Читаем Евгений Харитонов. Поэтика подполья полностью

Харитоновское желание «миниатюризировать» тексты усиливалось на протяжении жизни (вместе с усиливающимся страхом перед правоохранительными органами и усиливающейся самоидентификацией в качестве жителя Империи); показательно, что действие его последнего произведения (пьесы «Дзинь») происходит в табакерке. Подобная реакция – спрятаться от внешнего мира в некую музыкальную шкатулку, символизирующую «чистое искусство», – представляется довольно типичной для эпохи брежневского «застоя»; в то же время, как мы могли видеть, она не объясняется влиянием одного только «застоя». В случае Харитонова следует вести речь о целом комплексе причин, среди которых и особенности детского воспитания, и культурная политика позднего сталинизма, и бурные события оттепельных лет, и личное обаяние целого ряда выдающихся людей, с которыми Харитонов сумеет познакомиться благодаря учебе во ВГИКе.

3. Биография, пласт первый: тела театров

Начало московской жизни семнадцатилетнего Евгения Харитонова так же отмечено «миниатюризацией»: при поступлении во ВГИК в августе 1958 года он успешно сдает экзамен по специальности, декламируя сказку о маленькой детской игрушке — «Стойкого оловянного солдатика» Г.-Х. Андерсена[117]. После этого Харитонов получит «отлично» по русскому языку (за совершенно шаблонное сочинение о Павке Корчагине[118]), «хорошо» по истории СССР[119] – и окажется зачислен на первый курс, в мастерскую Михаила Ромма.

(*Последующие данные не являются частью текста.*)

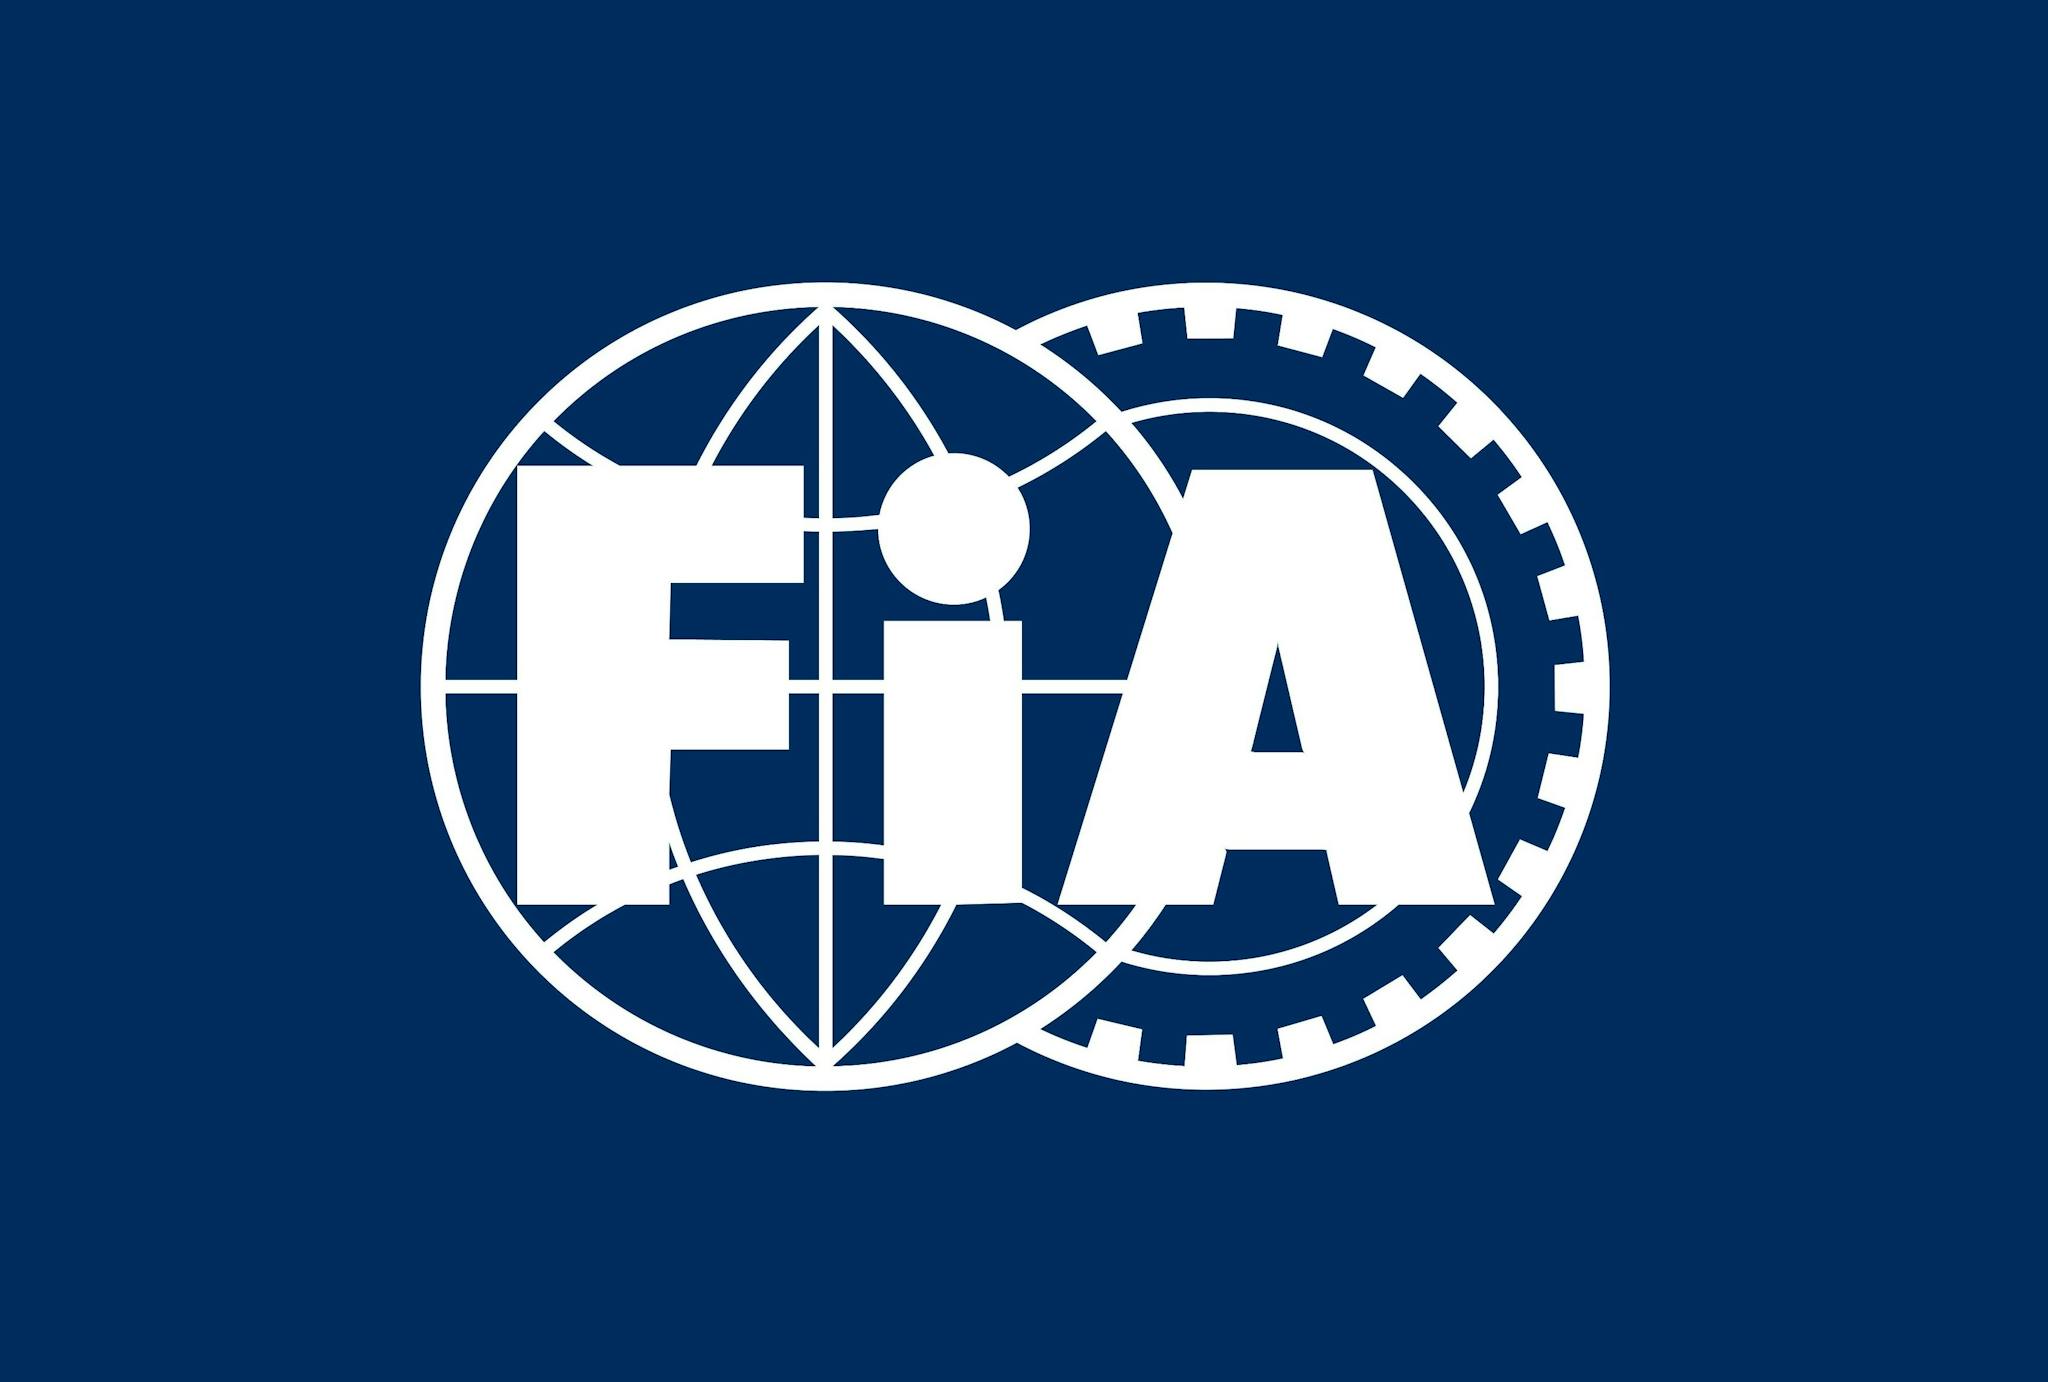 FIA podjęła walkę ze sprytnym obchodzeniem limitu wydatków

Ромм в 1958 году воспринимается как абсолютный классик сталинского кинематографа – режиссер, снимавший в 1930-е фильмы о Ленине («Ленин в Октябре», «Ленин в 1918 году»), а в 1950-е, в полном соответствии с идеологическими трендами высокого сталинизма, принявшийся воспевать легендарные победы русского оружия («Адмирал Ушаков», «Корабли штурмуют бастионы»). Работа над картиной «Девять дней одного года», в одночасье сделавшей Ромма одной из ключевых фигур оттепели, начнется только в 1961 году. Но жизнь стремительно меняется уже сейчас, и погрузившийся в гущу событий советской столицы Харитонов не может этого не ощущать.

Всего год назад в Москве триумфально прошел VI Всемирный фестиваль молодежи и студентов, оказавший огромное влияние на миллионы советских жителей; двумя годами ранее настоящий фурор произвела выставка картин Пабло Пикассо в Музее истории искусств[120]. В июле 1958 года журнал «Искусство кино» перепечатывает на обложке текст резолюции ЦК КПСС, дезавуирующей ждановское постановление о «формализме в искусстве»[121]; возле только что открытого (28 июля 1958 года) памятника Маяковскому рождается традиция регулярных поэтических чтений; по библиотекам страны – бум «исповедальной прозы», инициированный новым литературным журналом «Юность». В Политбюро ЦК КПСС продолжают бороться разные фракции, но после падения Молотова и Кагановича возврат к сталинизму представляется практически невозможным; советская экономика растет удивительными темпами (на 10 % в год), Хрущев обещает в ближайшем будущем полное решение жилищного вопроса, а Коммунистическая партия уверенно возвращает себе былую привлекательность – за восемь лет (начиная с 1956 года) число ее членов увеличится с 7 до 11 миллионов человек[122].

При всем этом оттепель по-прежнему остается очень неоднородной; так, именно в 1957–1958 годах регистрируется максимальное (за весь период позднего социализма) количество уголовных дел, возбужденных по статье об «антисоветской агитации и пропаганде»[123]. Как раз осенью 1958-го из ВГИКа со скандалом отчисляют компанию студентов-сценаристов, на дружеской вечеринке решивших спародировать «старых большевиков»[124]; тогда же разворачивается и печально известная кампания против Бориса Пастернака, получившего Нобелевскую премию за «Доктора Живаго».